Huperzine A, Honokiol, Puerarin

Huperzine A, honokiol and puerarin are natural compounds regulating the same targets including NF-κB, free radicals, and NMDAR. Huperzine A is an alkaloid isolated from Huperzia serrata, which is regarded as a selective acetylcholinesterase (AChE) inhibitor and a potential drug for treatment of Alzheimer's disease [162, 163]. Huperzine A was nontoxic in both human and animal safety tests [163]. A recent meta-analysis revealed that huperzine A improved the cognitive performance of patients with AD and vascular dementia (VD) [164]. In a focal cerebral ischemia model, huperzine A treatment at 0.1 mg/kg reduced brain infarct volume and improved the neurological functions. Pre-treatment of huperzine A preserved the activities of mitochondrial respiratory chain enzymes (complex I, complex II-III, and complex IV), inhibited ROS generation, attenuated mitochondrial dysfunction and mitochondrial swelling [165] and ameliorated brain inflammation in a focal cerebral ischemia animal model [166]. Huperzine A inhibited NF-κB expression and attenuated glial activation in ischemic brains [166]. In vitro oxygen and glucose deprivation (OGD) experiments showed that huperzine A reduced NF-κB translocation and activation, downregulated iNOS, COX-2, inhibited NO production, and prevented cell death [167]. Oral administration of huperzine A at 0.2 mg/kg for 9 days up-regulated neurotrophic factors like BDNF, NGF, and TGF-β1 and improved memory in a mouse model of focal cerebral ischemia [168]. Moreover, huperzine A could interact with the NMDA receptor and prevent glutamate-induced calcium influx and neurotoxicity in vitro [163, 169]. Huperzine A is also capable of penetrating BBB, which makes it more competitive in preventing t-PA-mediated HT [163]. Thus, huperzine A is also a good drug candidate as adjunct therapy with t-PA for ischemic stroke treatment.

Honokiol is a natural compound derived from Magnolia grandiflora.
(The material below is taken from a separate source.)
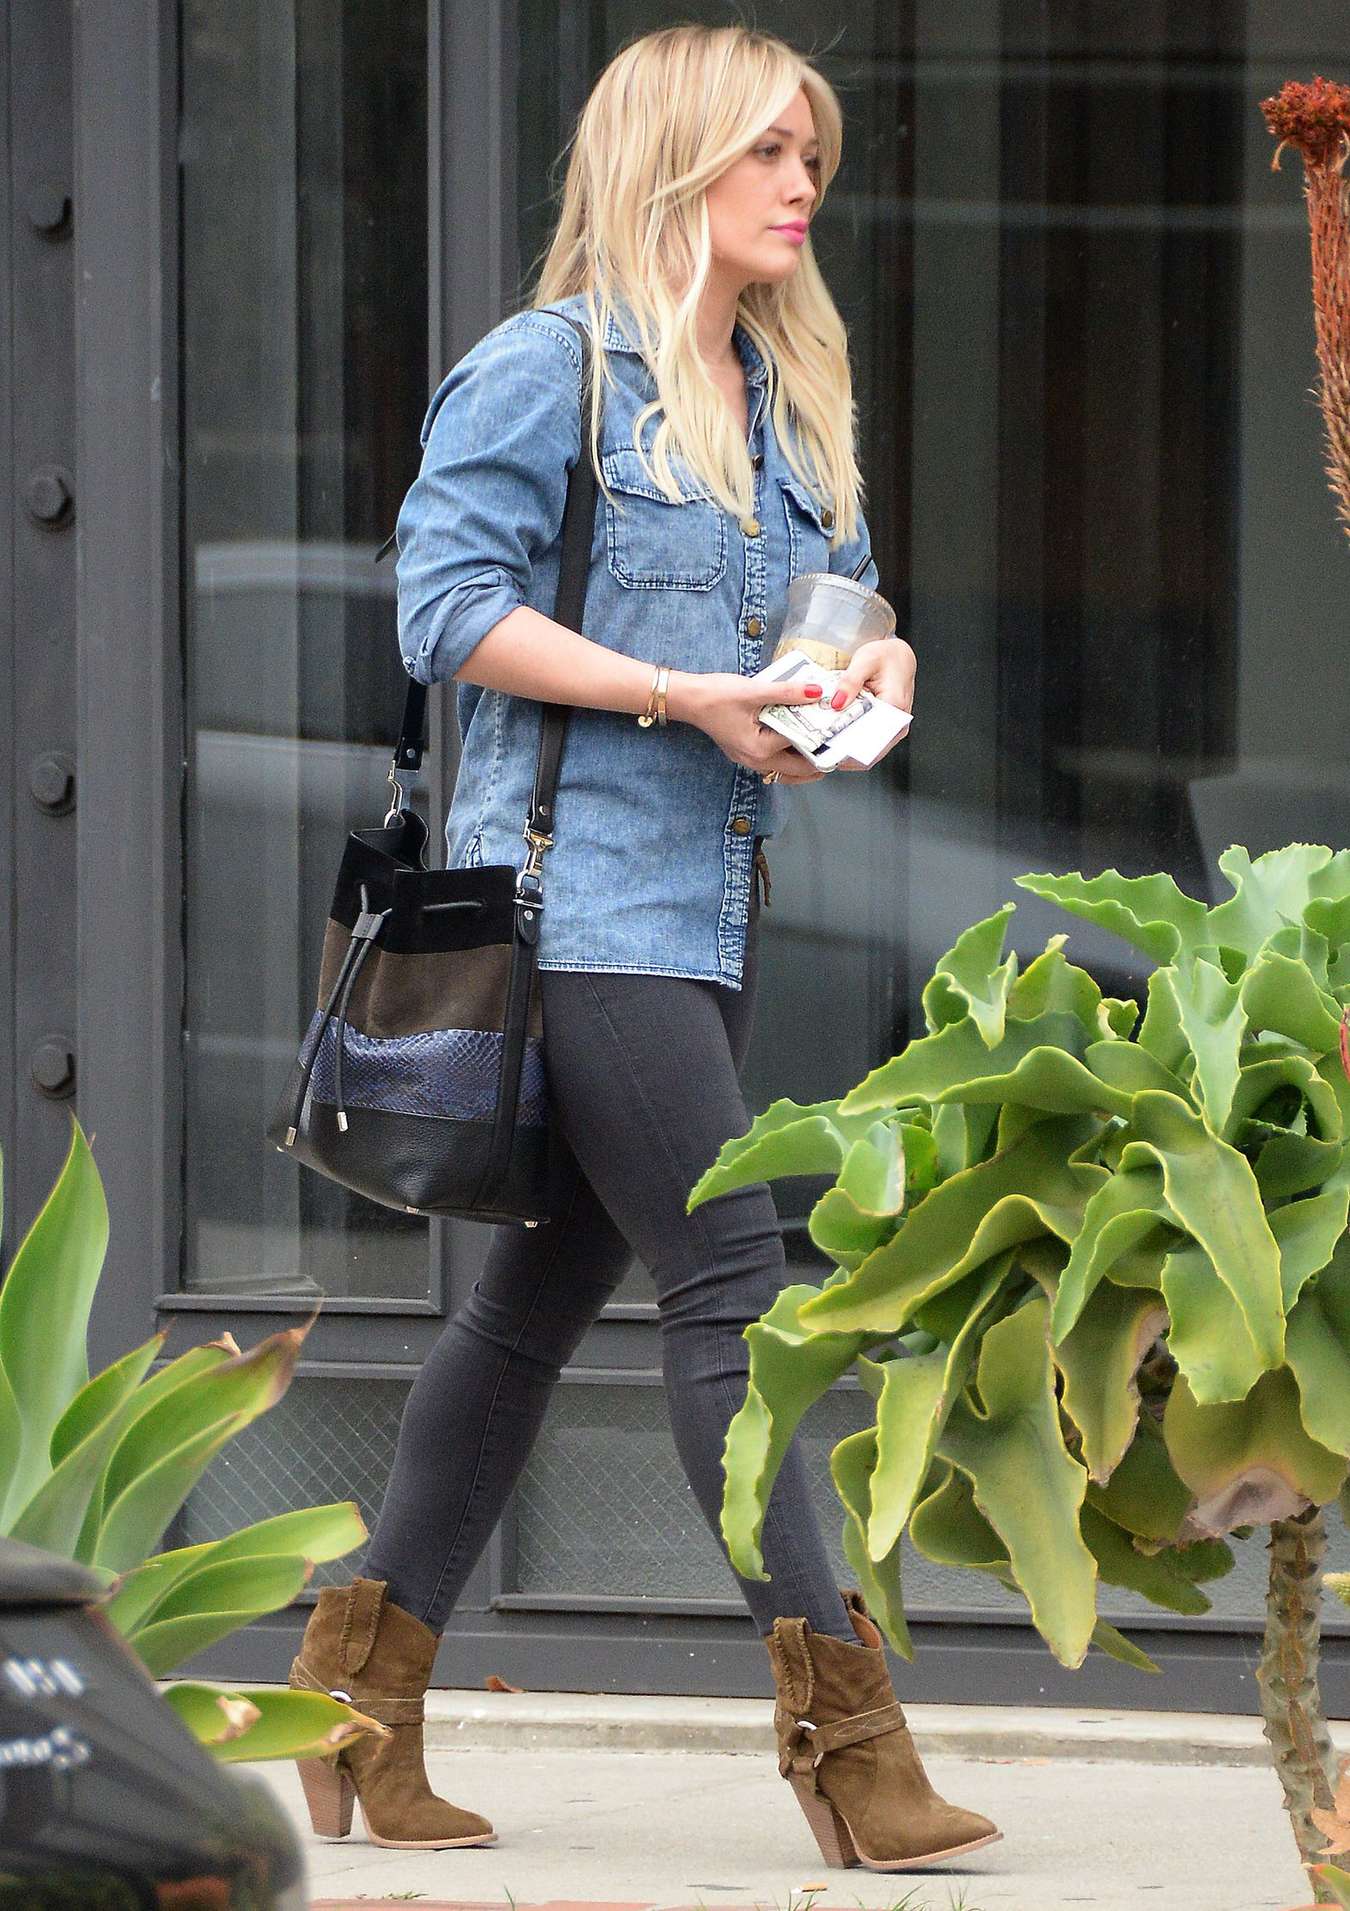 Hilary Duff 2015 : Hilary Duff in Jeans -27

Honokiol has pleiotropic effects, including chemotherapeutic, neuroprotective and anesthetic effects [170]. Honokiol treatment revealed to inhibit inflammation and reduce brain edema as well as the BBB leakage [171-173]. Honokiol blocked translocation and activation of NF-κB, down-regulated TNF-α expression and inhibited NO production in glial cells [171]. Honokiol interrupted the interaction of nNOS with postsynaptic density protein 95 (PSD95) [174]. In a mouse cerebral ischemia model, Honokiol was found to reduce ROS production through preserving Na+/K+-ATPase activity and maintaining the mitochondrial membrane potentials [172]. Moreover, honokiol attenuated neutrophil infiltration and reduced calcium overload [173], inhibited NMDA neurotoxicity [175]. Honokiol is also a BBB-permeable active compound [176, 177]. It is notable that honokiol is a potent inhibitor of arterial thrombosis [178] and has the value for thrombotic stroke. Given that the promising evidence has been obtained, honokiol could be considered as a good candidate for further study.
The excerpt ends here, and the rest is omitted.